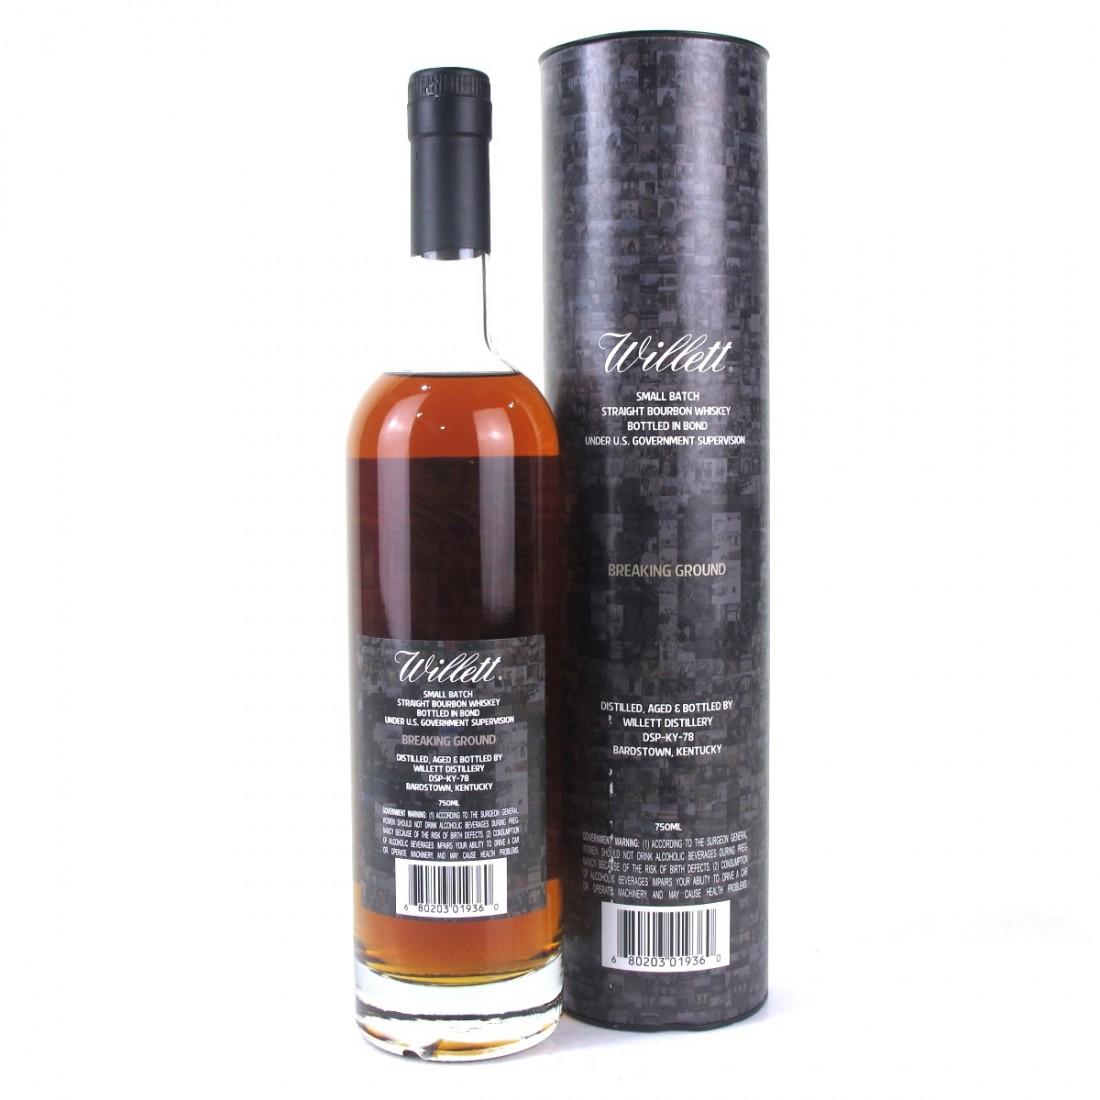 Willett 80th Anniversary 4 Year Old Bourbon
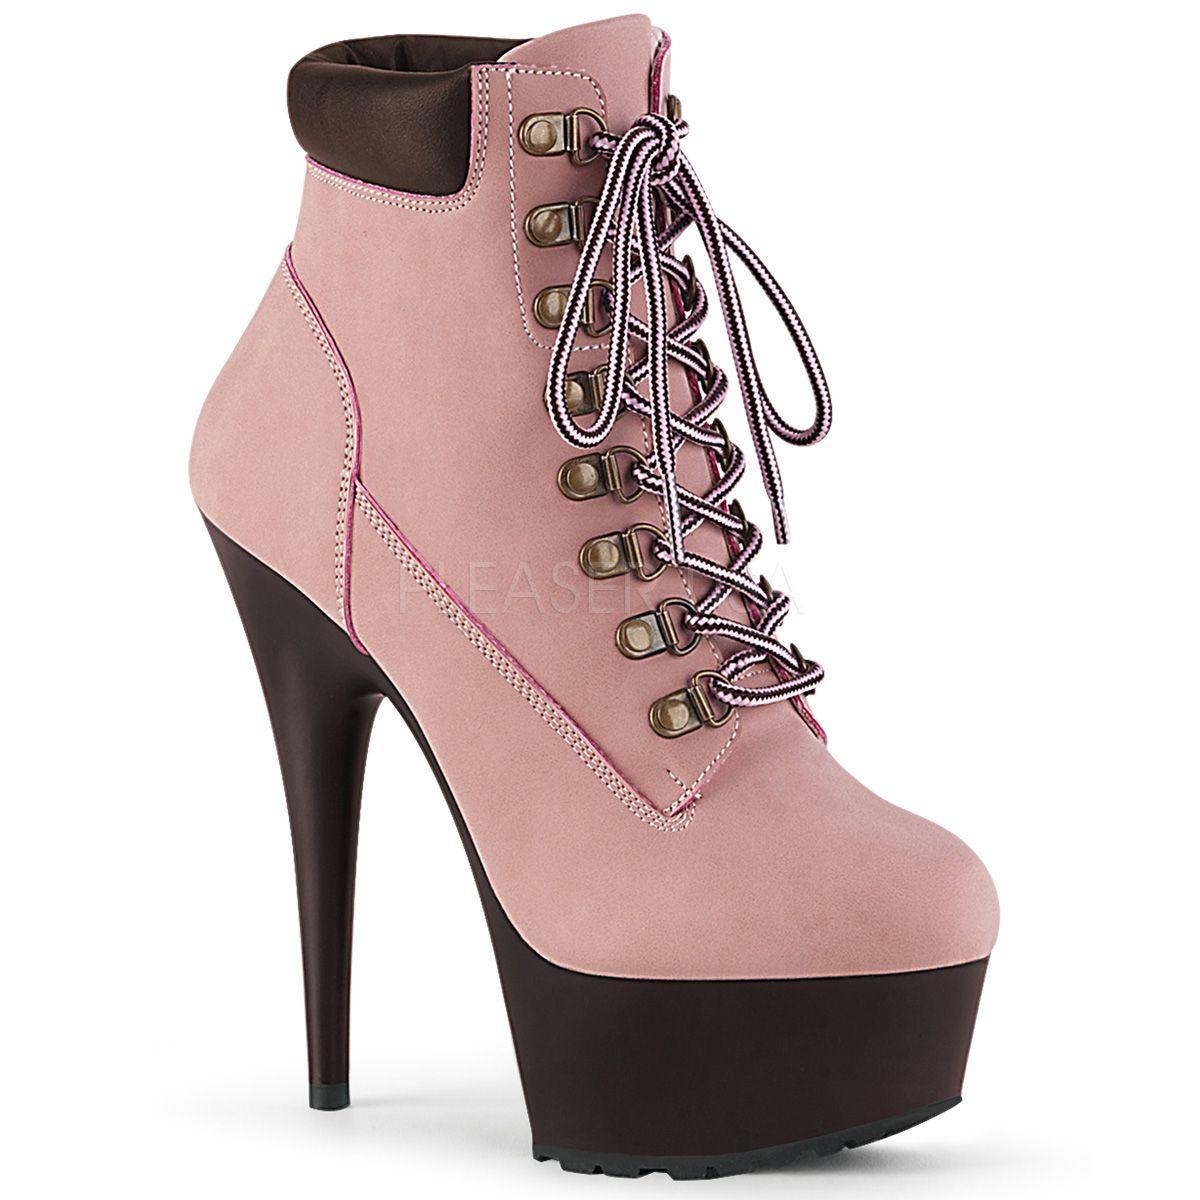 Offene Plateau Schnür Stiefelette Adore 1018 neon pink
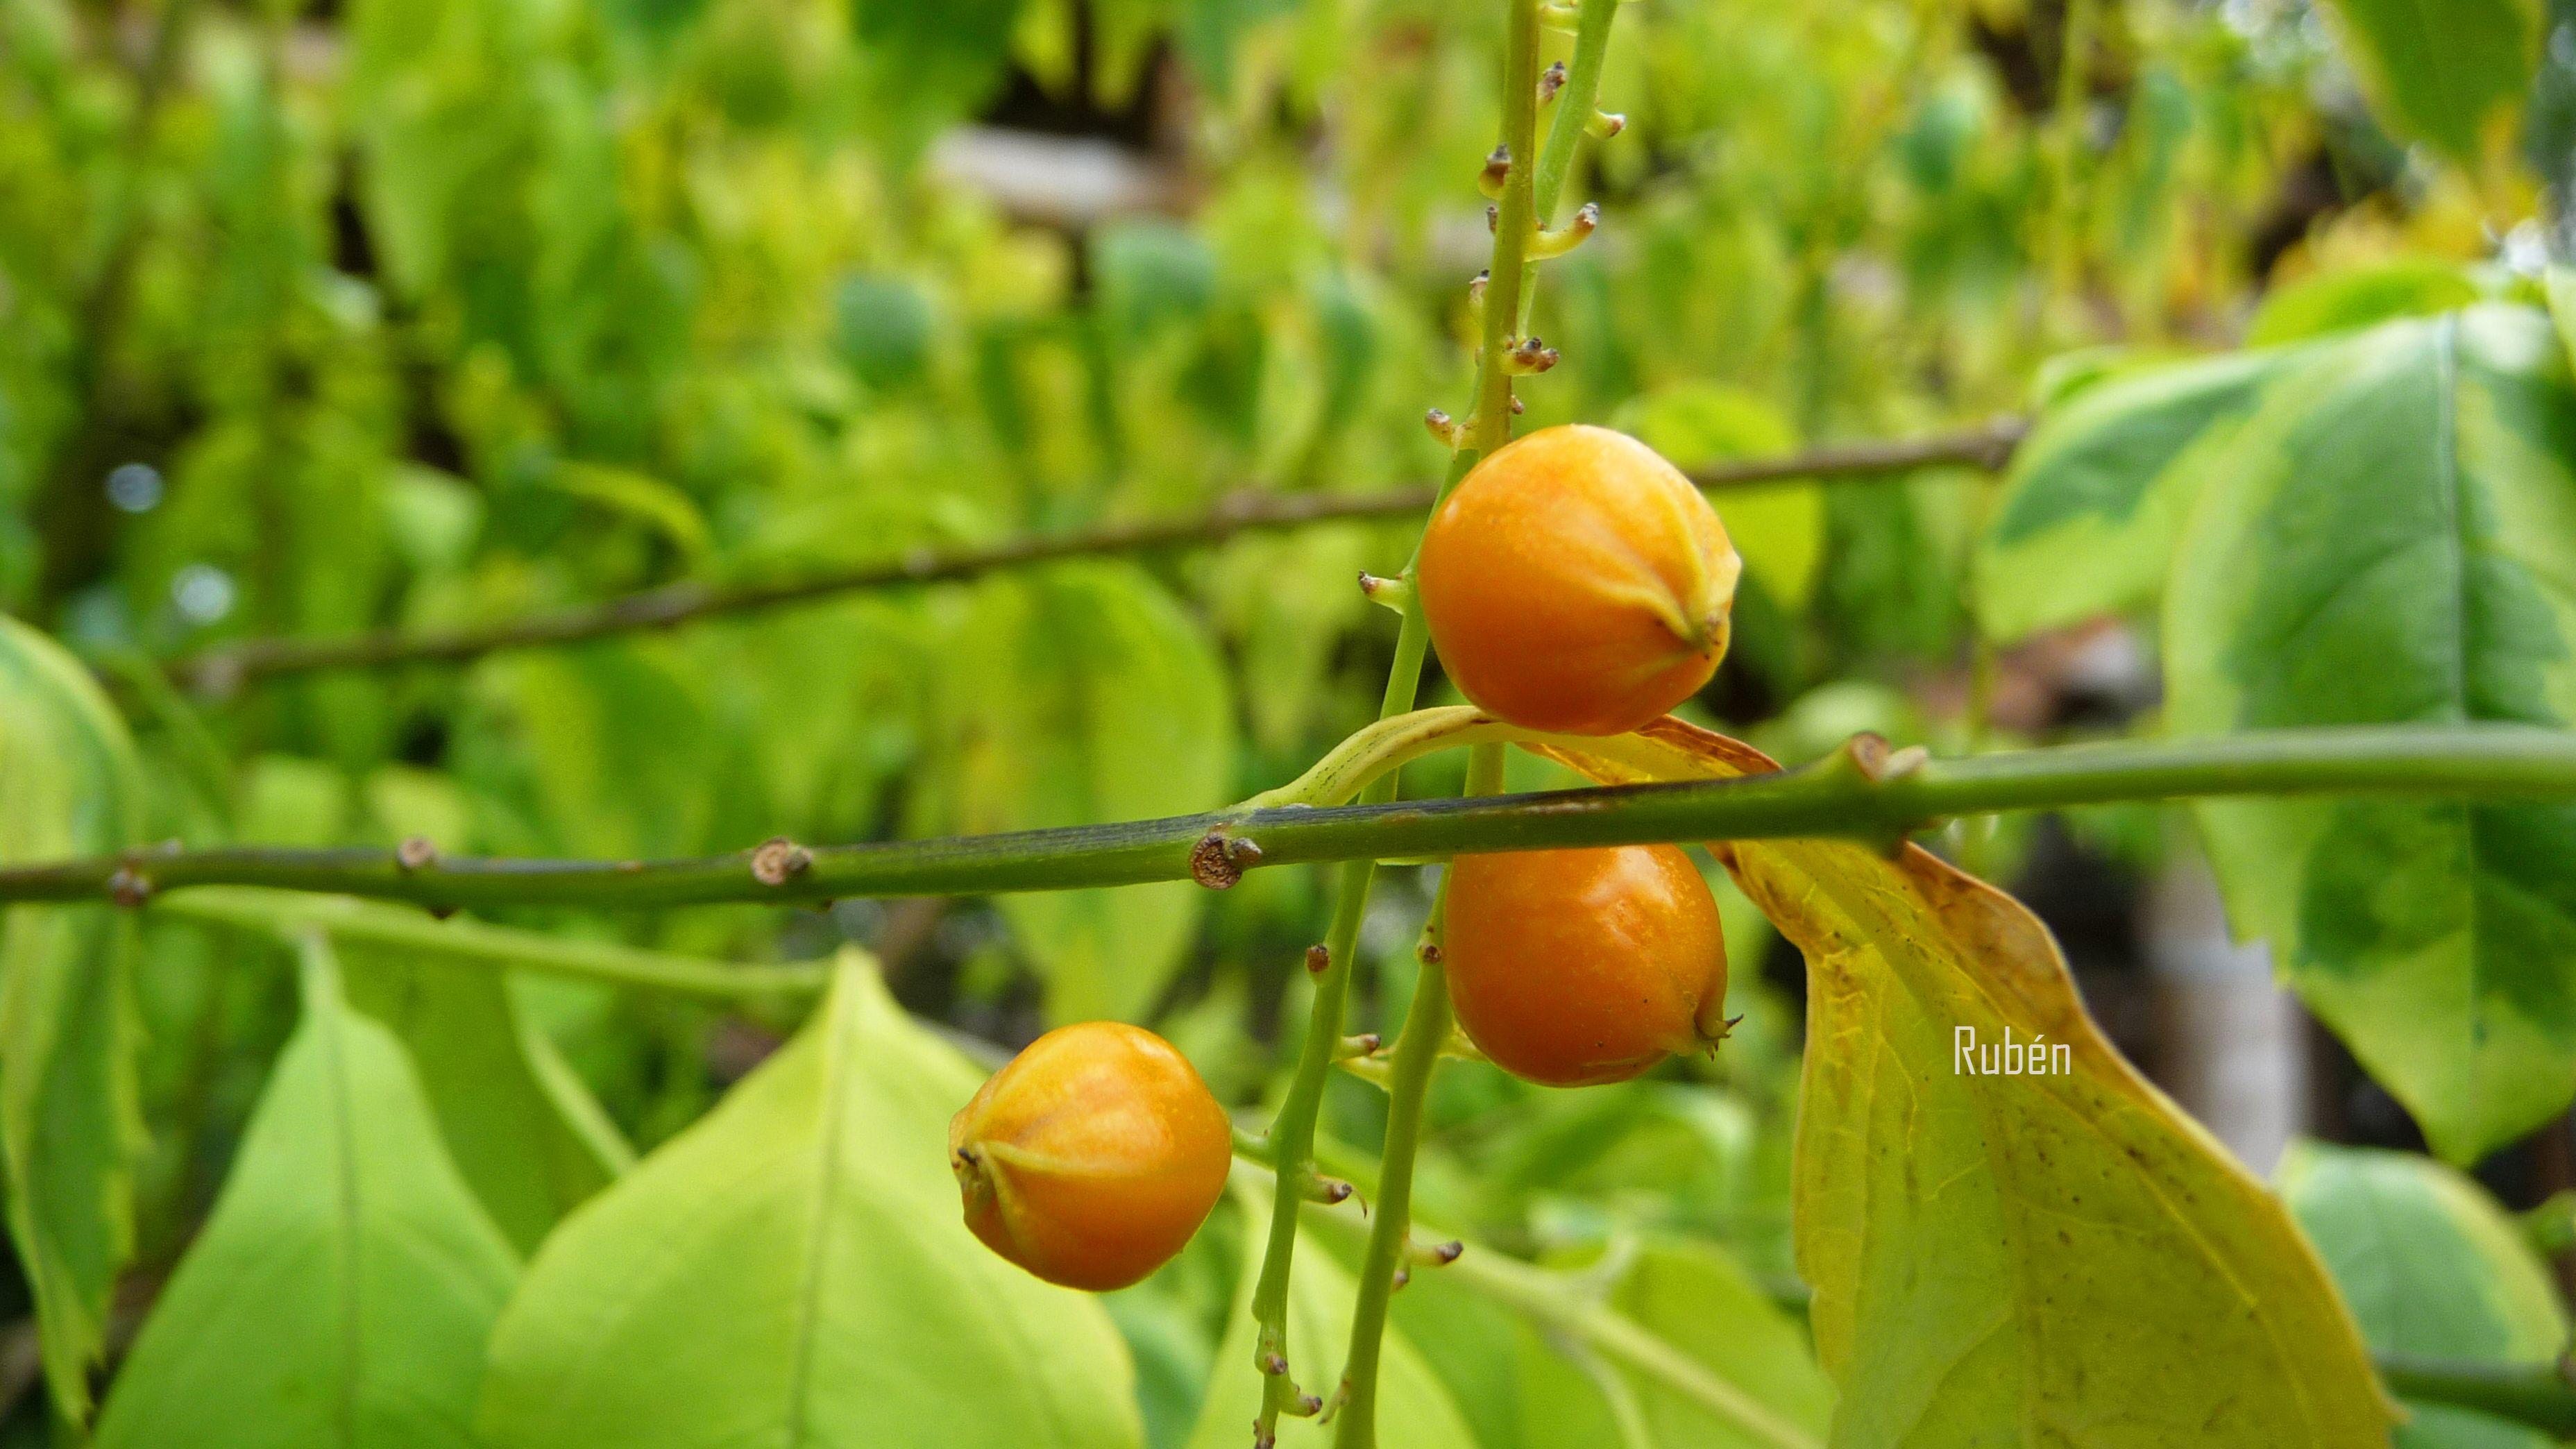 Flor de duranta (Guarda-parque)

# # # # # # #

> [YOUR OBJECTIVE]:
Leaving every image behind, repeat the data in full and exactly.

> [EXERCISE ANSWER]:
 Willett 80th Anniversary 4 Year Old Bourbon
 Offene Plateau Schnür Stiefelette Adore 1018 neon pink
 Flor de duranta (Guarda-parque)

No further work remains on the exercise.